Приоткрыв рот и выпучив налитый глаз, он слушал и смотрел, как пляшет
старик, высоко вскидывая ноги в поношенных брючках и старомодных суконных
ботах. И я ощутил, как гибель отдалилась и пропала, оставив только струйки
холодного пота, стекавшего по щекам моим...
...Чому ж вы не просите пана Бога за нас?
Чтоб наши домы выстроили, нашу землю выкупили,
Нас бы в землю отводили,
В нашу землю нас, в нашу землю нас!
- Все, - проговорил Моисей Наумович запышливым голосом, отступил к
своему стулу, сел и подобрал с пола шубейку. - И консерт окончен.

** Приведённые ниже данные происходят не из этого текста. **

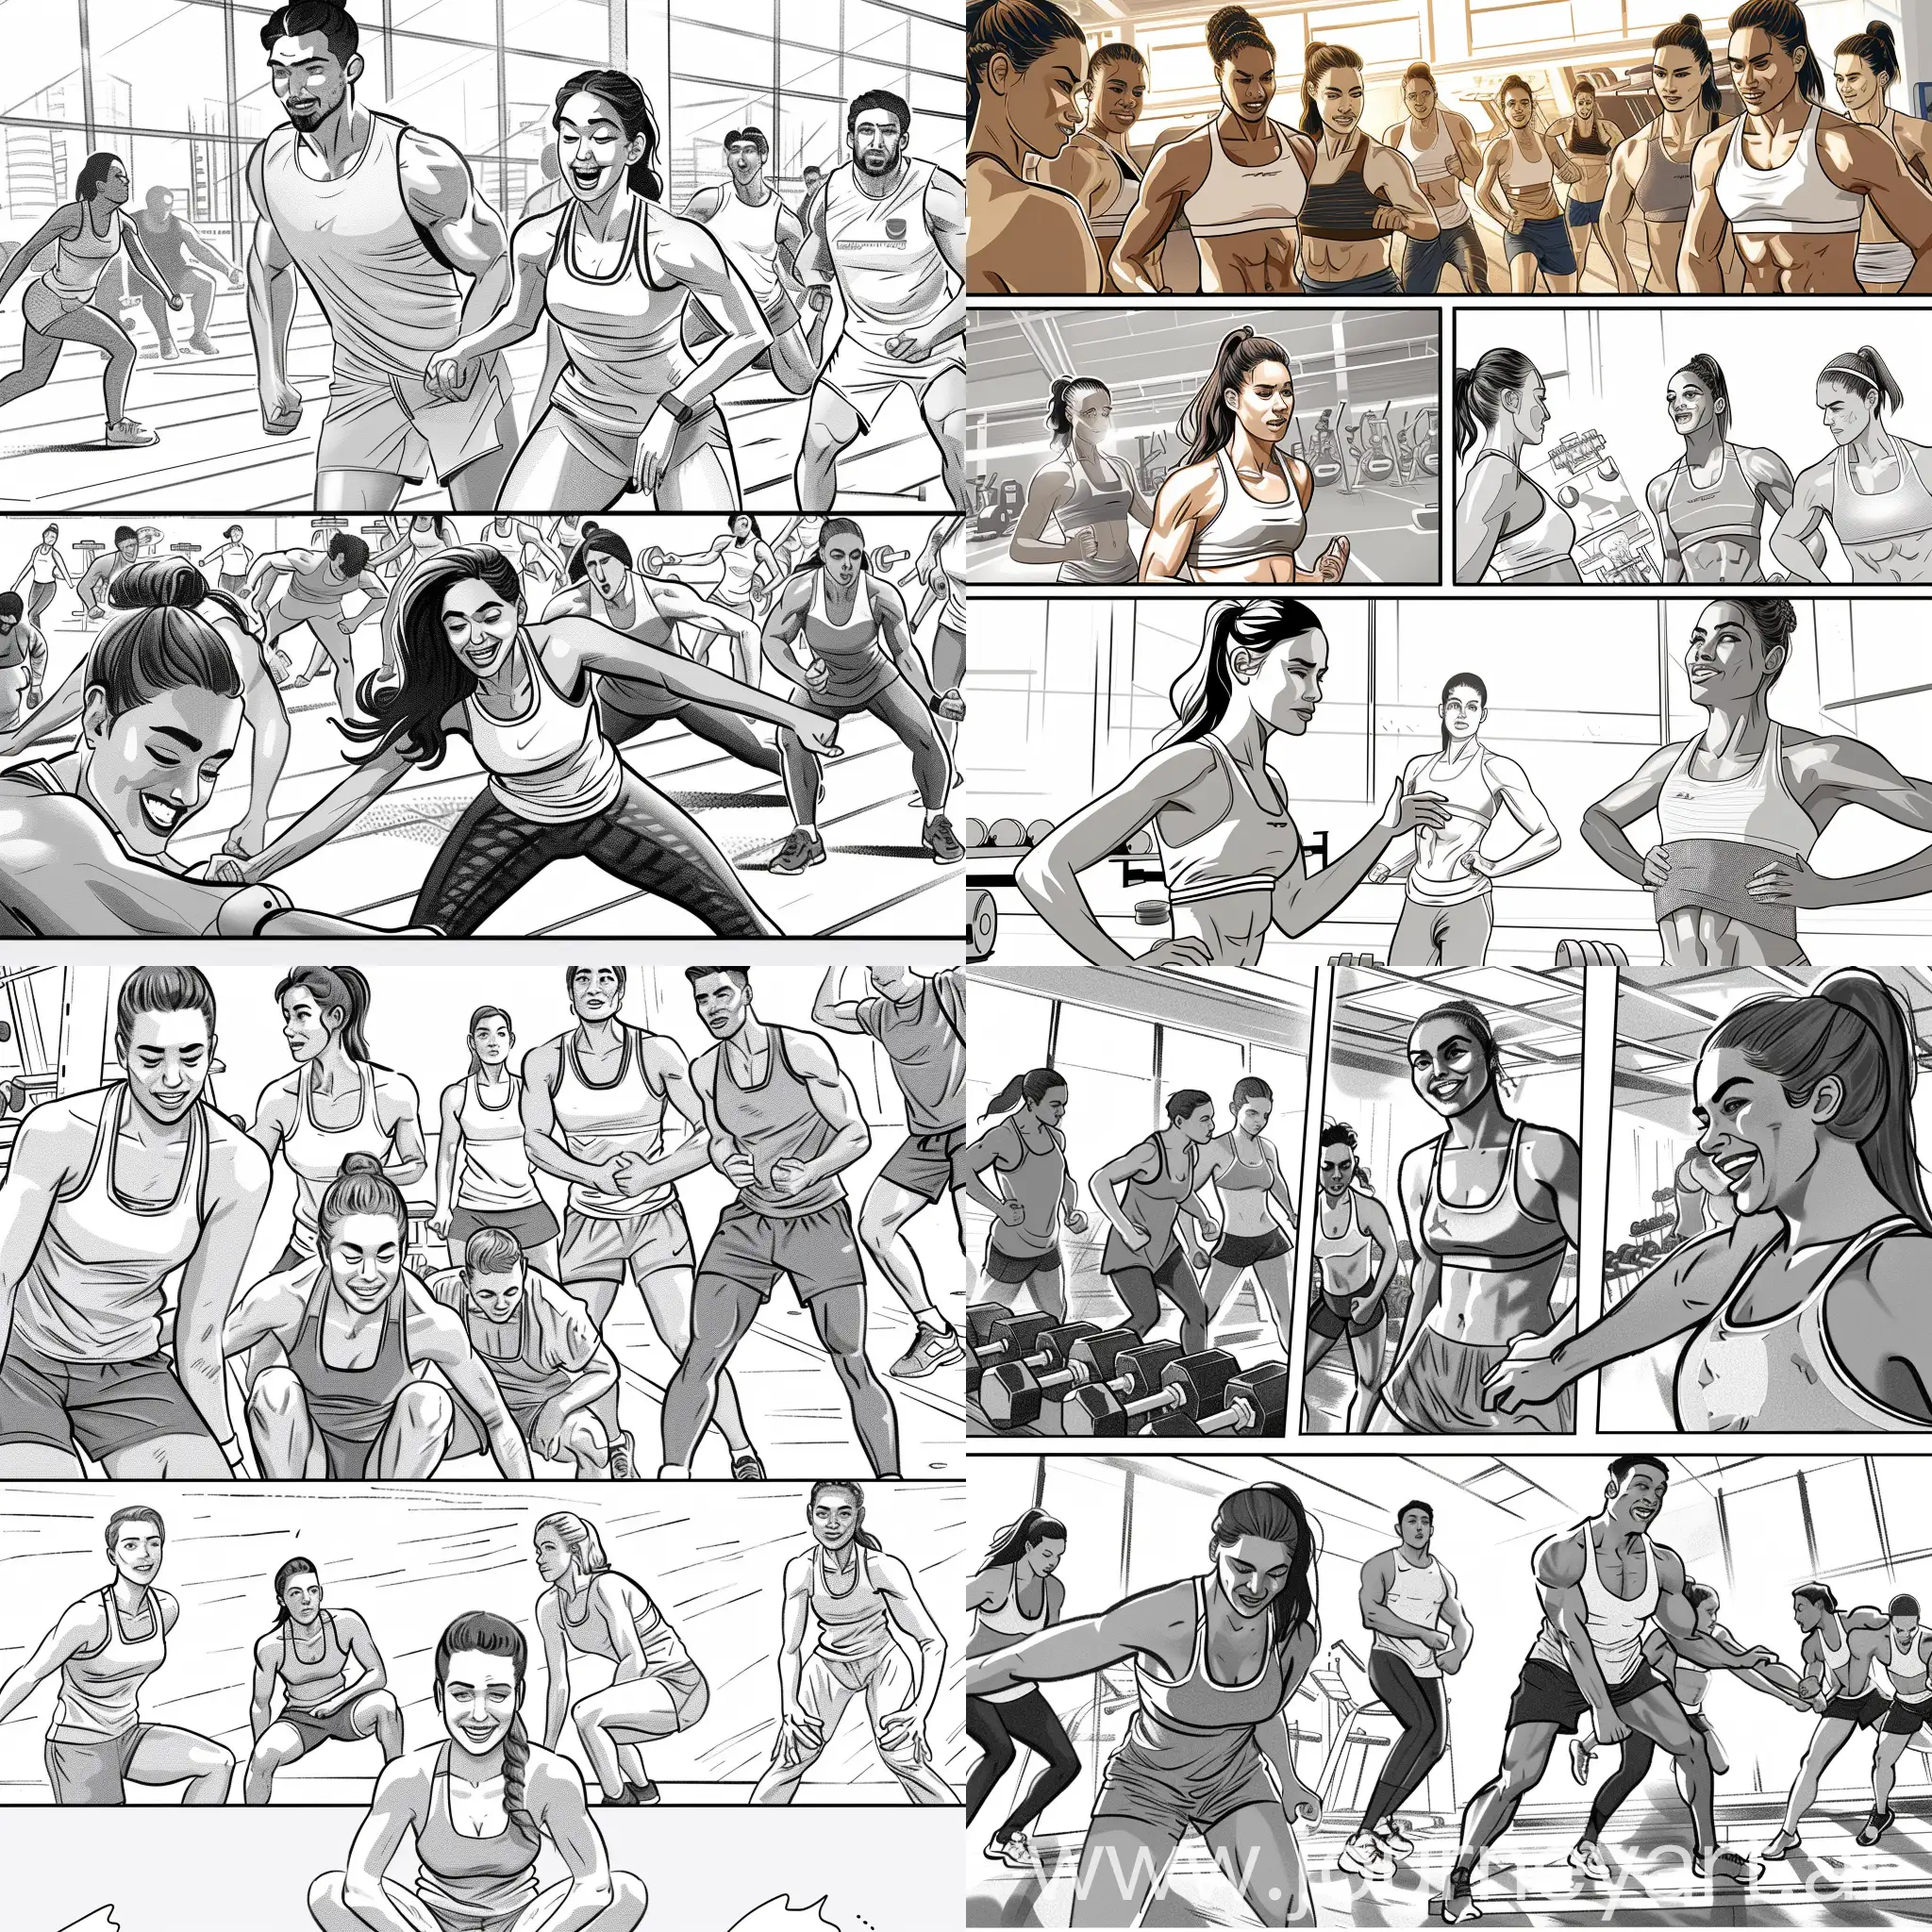 Dynamic-Gym-Workouts-Comfortable-Sportswear-Advertisement

И тогда Ким загоготал. Минут пять гоготал он, раскачиваясь и вытирая
рукавом глаз, кашляя и богохульствуя сквозь кашель. Мы молча смотрели на
него и тоже утирались. Отгоготавшись, он произнес:
- Силен. Тут ты меня сократил, Мойша, спасибо тебе. Сам догадался?
Или интуиция? Ведь еще чуть-чуть...
- Не приведи Господь, - скромно отозвался Моисей Наумович. - Но я
рад, что развлек вас, Ким Сергеевич. Всегда к вашим услугам.
Ким поглядел на него исподлобья.
- Больше не потребуется. Ладно, черт с вами, с докторами. Информация
в порядке компенсации. Я ухожу. Совсем ухожу из городишки этого поганого.
Но имейте в виду и передайте кому интересно: руки у меня теперь длинные. Я
могу... - Он судорожно перевел дыхание. - Я далеко теперь могу. Откуда
угодно.
Мы молчали. Моисей Наумович натягивал свою шубейку. Бес вдруг
растянул безгубый рот неуютной усмешкой.
- А ты, Мойша, силен. Действительно развлек. Я даже пожалел, что
Таська не видела. То-то бы повеселилась... убогонькая... Радостей у нее
маловато, а подумать если, то и совсем нет. Ну и все, доктора. Аудиенция
окончена. Вопросов нет и быть не может. Разрешаю удалиться.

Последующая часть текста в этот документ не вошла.